You may not know the name Rita Mae Hyde as one of Belize’s prominent
poets, but this young artist has been steadily performing locally and at international
poetry festivals. Her first book released last week is named Mahogany Whispers
and she says that’s because Belize’s history is told through those
trees that once towered over Belize’s forests. Those towering trees were
cut down over two centuries of forest exploitation and exportation – but
Rita Mae Hyde says she can still hear them speak.
Rita Mae Hyde, Poet
“The first book had to be born, it was there, it is like my baby.
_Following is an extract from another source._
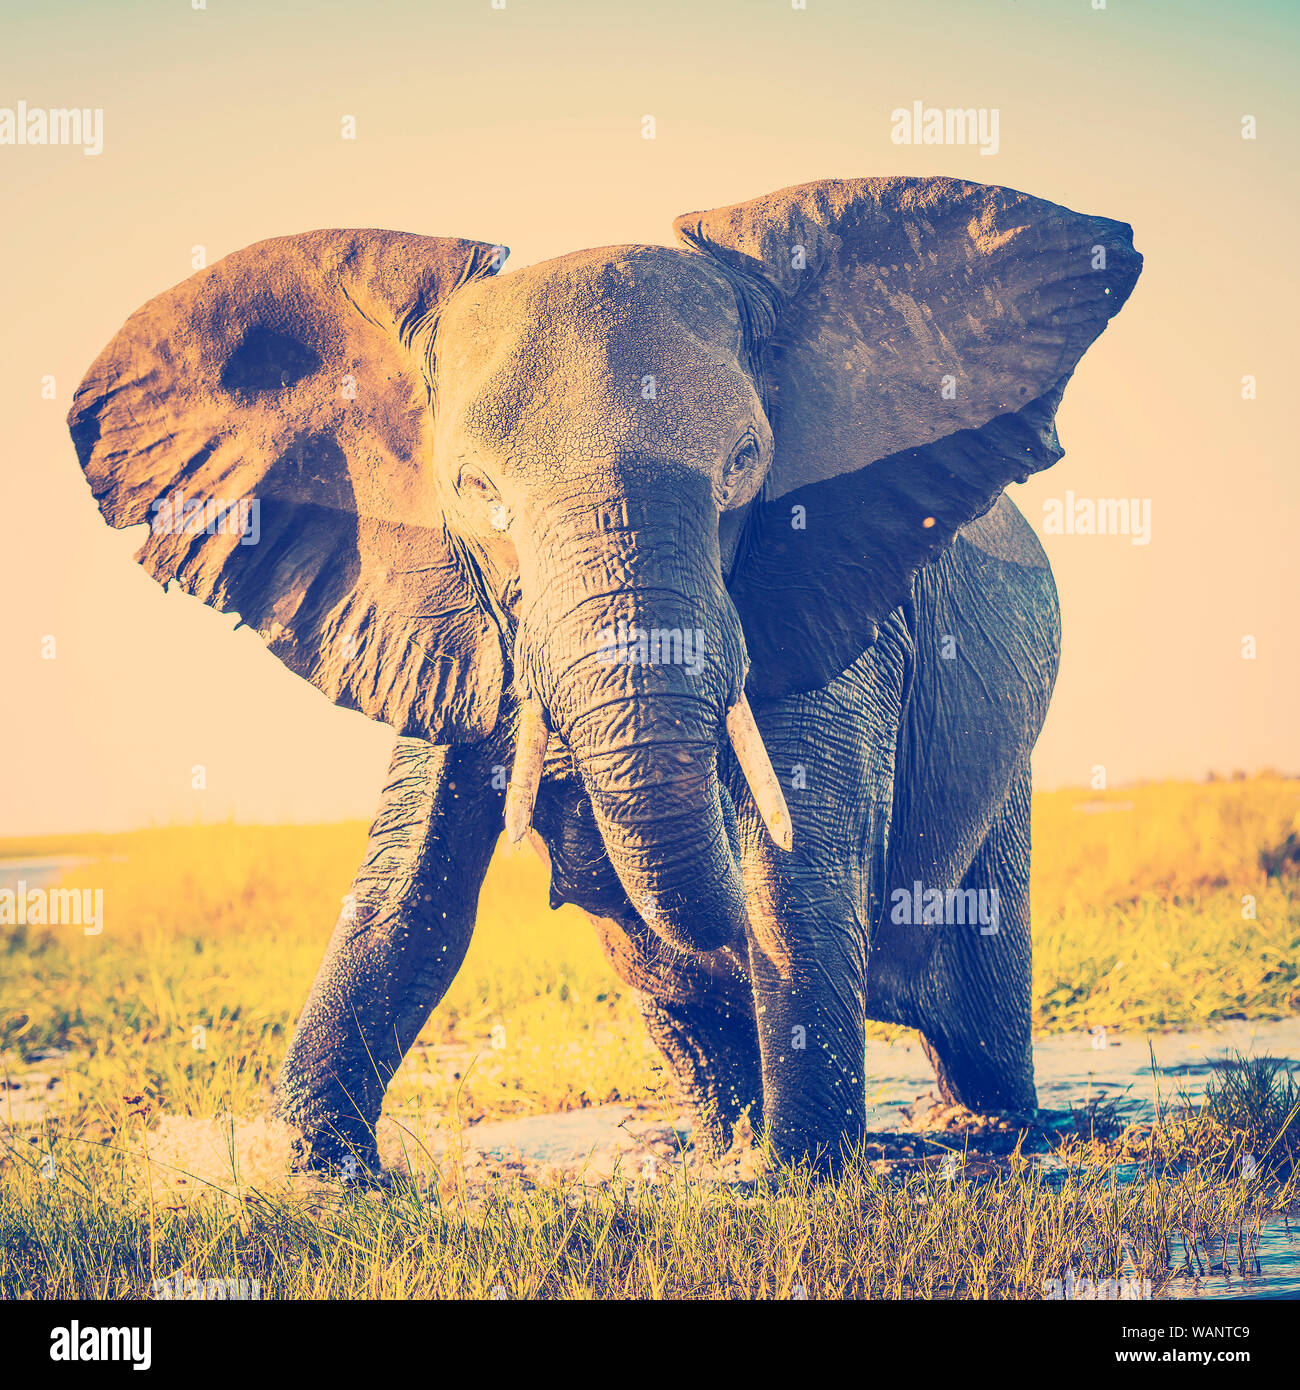 Elefant Hälfte nass im Abendlicht in Afrika immer bereit mit retro Instagram Stil filter Effekt zu berechnen Stockfoto

The name is very significant. You know it was the 1770s that massive importation
of Africans to Belize to work with the mahogany industry, to cut down mahogany
and so the country, this country, a significant part of the history is rooted in that history of my ancestors, of people who came and cut mahogany. The anthem
says, ‘the blood of our sires which hollows the sun.’ So this book
is a book of heritage and so it captures, it invokes from the spirit of ancestors
in experiences of our people. I like to phrase it as mahogany whispers is a
verse in the continuous song of the experiences of a country and a people, it
is not only my whisper but it is also your whisper too.”
Jules Vasquez,
“Why a book?”
Rita Mae Hyde,
“I find there is power of speech and words…they say that there
is nothing so powerful than the power of speech and so it is my intention that
these written whispers will make its way in our society. I want everybody to
read it. I want you to read it. If you have children I want your children to
read it and I want my grandparents to read it. I want every man, woman, and
child within the Belizean society to read this book.”
The book is available for $25 at the Angelus Press, Brodies, Image
Factory and in Belmopan at Daker’s and Brodies. It is published by Ramos
Publishing. Hyde teaches who teaches Belizean and Caribbean history at the University
of Belize recently completed her Master’s on Heritage Studies from the
University of the West Indies in Jamaica.